The utility model provides a pair of current control system, wherein, include: the device comprises a controller, a motor driving circuit, a motor and a voltage and current detection circuit; the controller, the motor driving circuit and the motor are sequentially connected, the input end of the voltage and current detection circuit is connected with the output end of the motor driving circuit, and the output end of the voltage and current detection circuit is connected with the input end of the controller; when the controller sends a driving signal to control the motor to work through the motor driving circuit, the voltage and current detection circuit detects voltage and current information output by the motor driving circuit and feeds the voltage and current information back to the controller; the controller adjusts the duty ratio of the driving signal based on the voltage and current information to stabilize the current output by the motor.
Further, the voltage current detection circuit includes: an arithmetic circuit and a voltage divider circuit; one end of the arithmetic circuit is connected with the motor driving circuit, and the other end of the arithmetic circuit is connected with one end of the voltage division circuit; the other end of the voltage division circuit is connected with the controller.
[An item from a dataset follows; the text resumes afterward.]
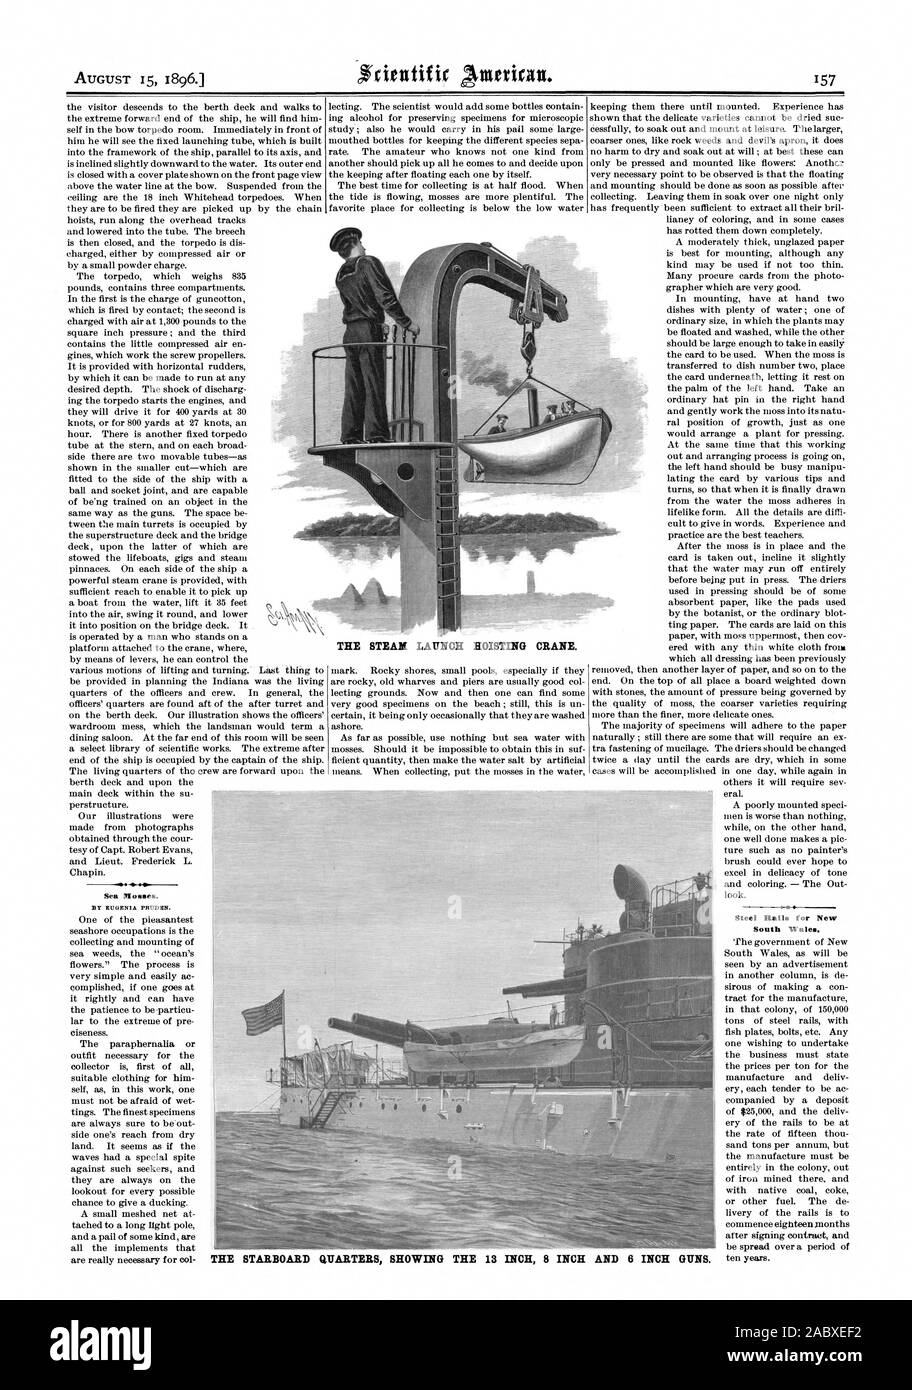 Sea Mosses. Steel Rails for New South Wales. THE STEAM LAUNCH HOISTING CRANE. THE STARBOARD QUARTERS SHOWING THE 13 INCH 8 INCH AND 6 INCH GUNS., scientific american, 1896-08-15 Stock Photo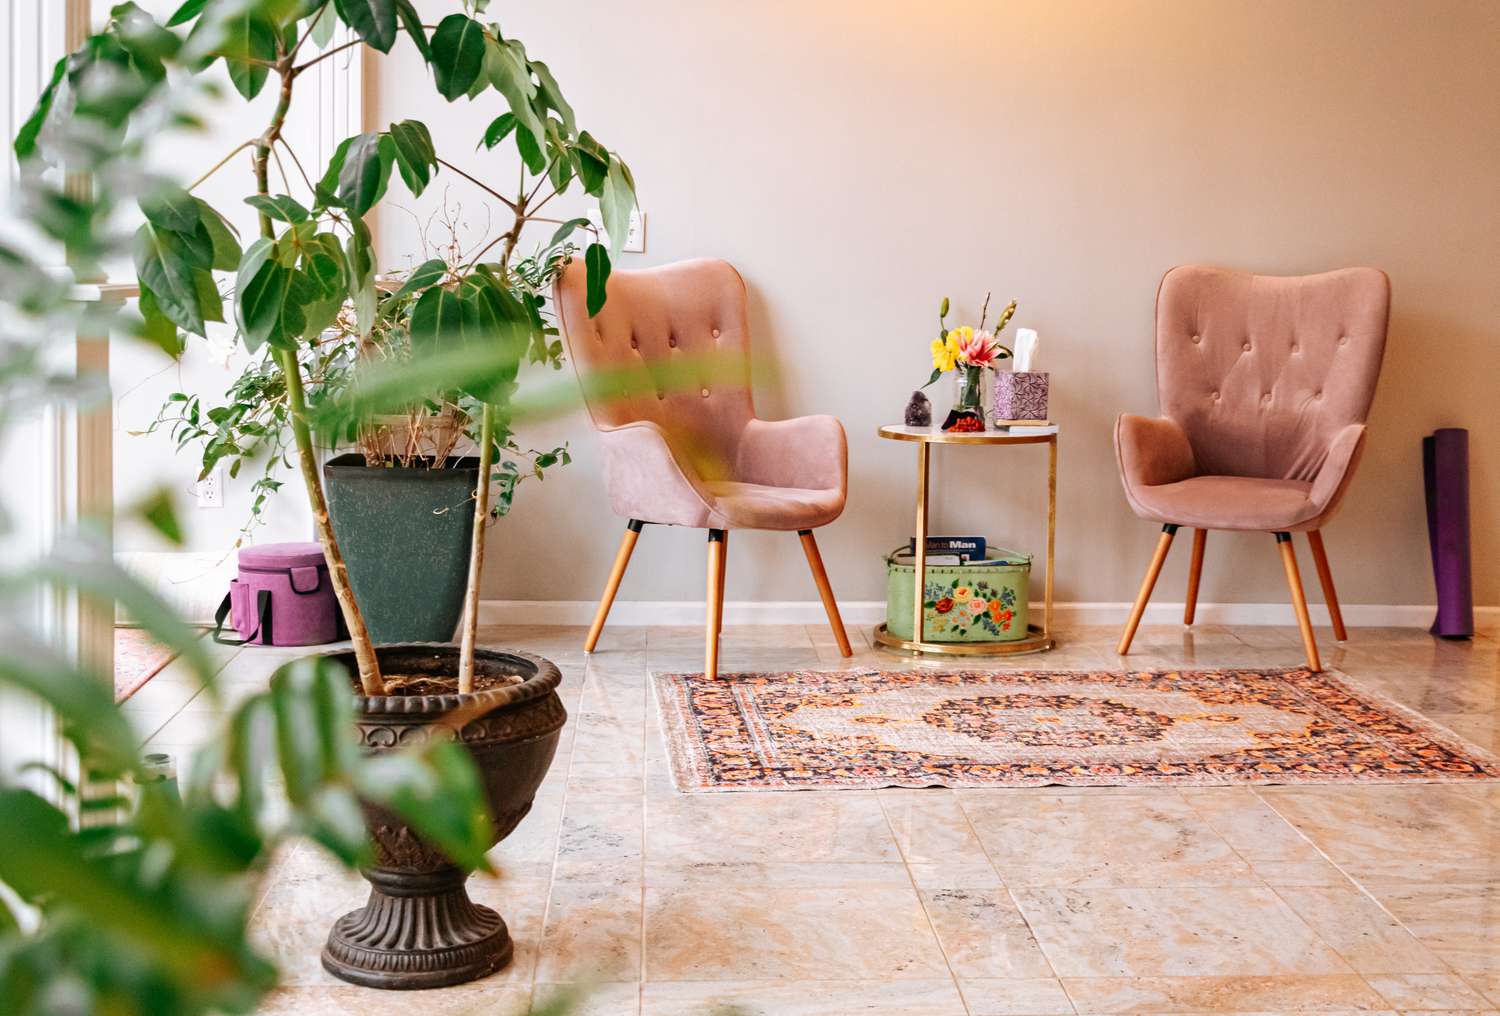 home interior with two pink chairs, a rug, and plants

Further, the arithmetic circuit includes: the circuit comprises an operational amplifier, a first capacitor, a second capacitor, a first resistor and a second resistor; a first pin of the operational amplifier is connected with the voltage division circuit, a second pin of the operational amplifier is grounded, a third pin of the operational amplifier is connected with the motor driving circuit, a fourth pin of the operational amplifier is connected with the voltage division circuit through the second capacitor, a fifth pin of the operational amplifier is connected with the controller, and the fifth pin of the operational amplifier is grounded through the first capacitor; one end of the first resistor is connected with the voltage division circuit, the other end of the first resistor is connected with one end of the second resistor, and the other end of the second resistor is grounded.
Further, the voltage dividing circuit includes: a third resistor, a third capacitor and a fourth capacitor;
one end of the third resistor is connected with the operational amplifier, the other end of the third resistor is connected with the controller, the other end of the third resistor is grounded through the third capacitor, the other end of the third resistor is grounded through the fourth capacitor, and the third capacitor is connected with the fourth capacitor in parallel.
Further, the current control system further includes: a battery module; the battery module is connected with the controller and the motor driving circuit.
Further, the controller includes any one of: singlechip, DSP and ARM.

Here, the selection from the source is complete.